Il faut dire que Cioran refuse de travailler, menant de ce fait une vie pour le moins ascétique. Il loge toujours dans de petits hôtels ou dans des chambres de bonnes. Pour manger, il fréquente encore le restaurant universitaire de la Sorbonne en 1951 – année de ses 40 ans ! – lorsque l’accès finit par lui en être interdit. Mais l’homme au train d’existence modeste ne vit pas en ermite, bien au contraire. Il a de nombreux amis, auxquels il tient beaucoup et qui l’aident financièrement de temps en temps. Il fréquente Ionesco et Eliade, rencontrés en Roumanie, mais aussi des auteurs comme Beckett ou Michaux. Ceux qui le côtoient sont tous frappés par sa joie de vivre très sonore et par son rire presque diabolique… À cette époque, il emménage avec Simone Boué au 21, rue de l’Odéon, dans une petite mansarde qu’ils ne quitteront plus.
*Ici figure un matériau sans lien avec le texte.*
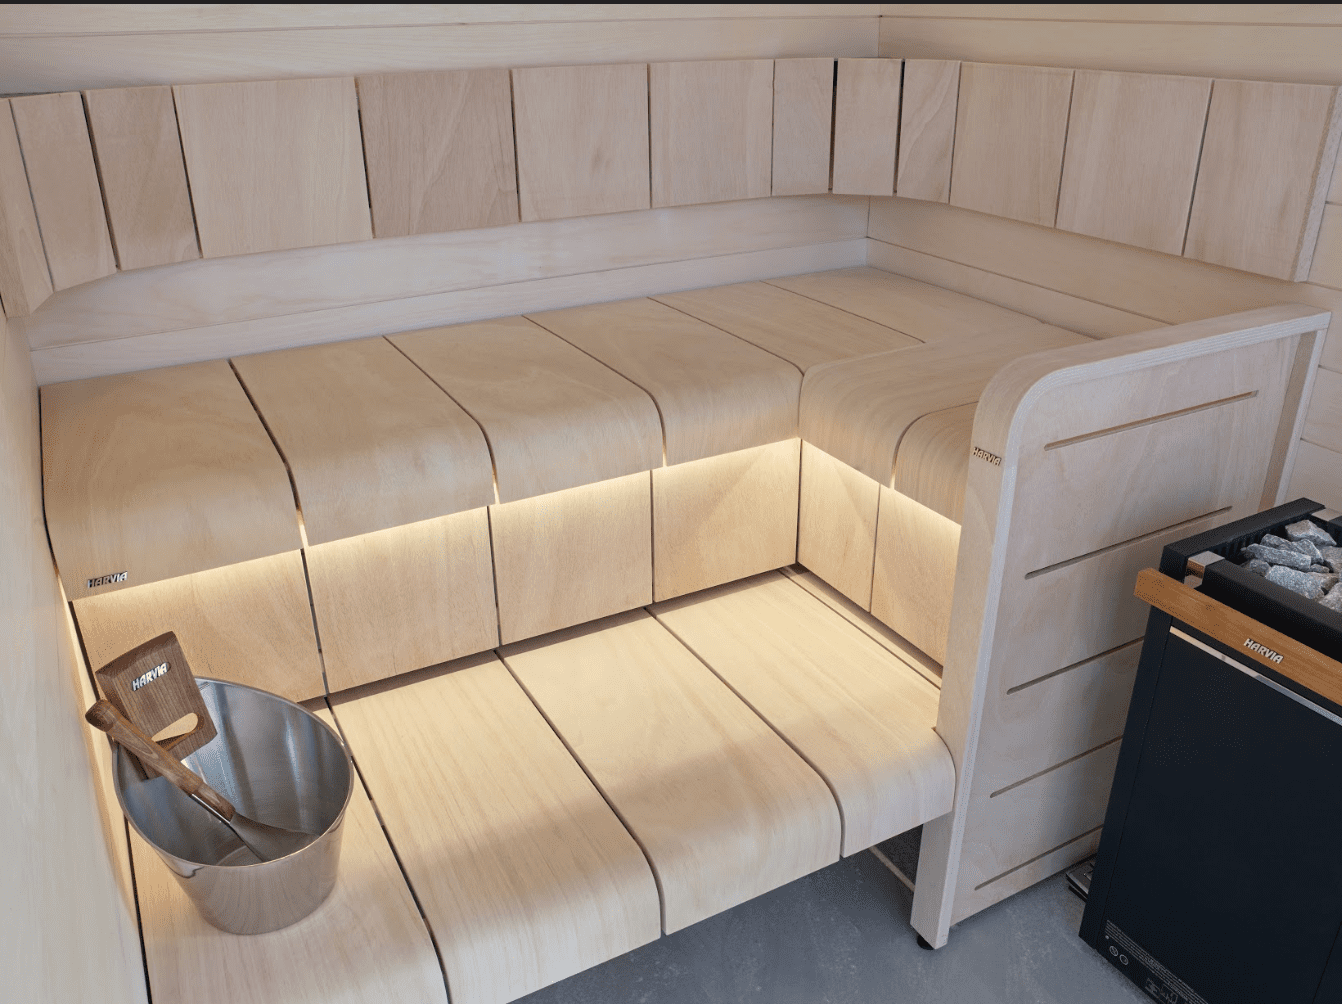 installing an outdoor sauna

Le ton sarcastique et les aphorismes cyniques des Syllogismes de l’amertume (1952) creusent inlassablement le sillon de la grande mutation, poursuivie dans Histoire et Utopie (1960) : Cioran y radicalise toutes les raisons philosophiques qui ont pu venir à bout de son nationalisme passé. Progrès, démocratie, civilisation… aucune illusion politique ne peut plus échapper au décapage intégral, à la vengeance de sa lucidité. Expression de la désillusion consommée, l’écrivain dédaigne les manifestations de Mai 68 : l’idée d’être encore le complice de quelque engagement que ce soit lui répugne désormais par principe. Il déserte le front des batailles concrètes et rejette le modèle de l’intellectuel universel omniprésent – d’où le mépris que ce « sceptique passionné » voue à Sartre, à ses yeux un « petit Napoléon de la pensée ». Dès lors, c’est bien sous les traits d’un moraliste intransigeant qu’il redéploie son anti-humanisme radical, en particulier dans De l’inconvénient d’être né, essai paru en 1972, qu’il retiendra comme son préféré. Le volume frappe par ses charges contre l’existence, non dénuées d’humour et teintées par un sens aiguisé de la contradiction provocante : « J’exècre cette vie que j’idolâtre. » Cioran poursuit ce travail de sape jusqu’en 1987. Méfiant à l’égard du succès qui point et lassé d’écrire, il décide alors de mettre un terme à sa carrière littéraire. Après des années de labeur vouées au culte du style, son parcours lui apparaît comme celui d’une interminable redite : « Ce que je sais à 60 ans, je le savais aussi bien à 20. Quarante ans d’un long, d’un superflu travail de vérification. »

En avril 1988, à 77 ans, Cioran est hospitalisé. Certains ironisent, en faisant courir le bruit d’une tentative de suicide dont il aurait enfin cherché à exécuter le projet si longtemps avorté. Mais il n’en est rien. Cet « épileptique manqué », comme il aimait à se penser, est en réalité atteint de la maladie d’Alzheimer. Il en meurt à l’hôpital Broca, à Paris, le 20 juin 1995, à l’âge de 84 ans, de cette mort qu’il décrivait comme « ce que la vie a inventé jusqu’ici de plus solide ».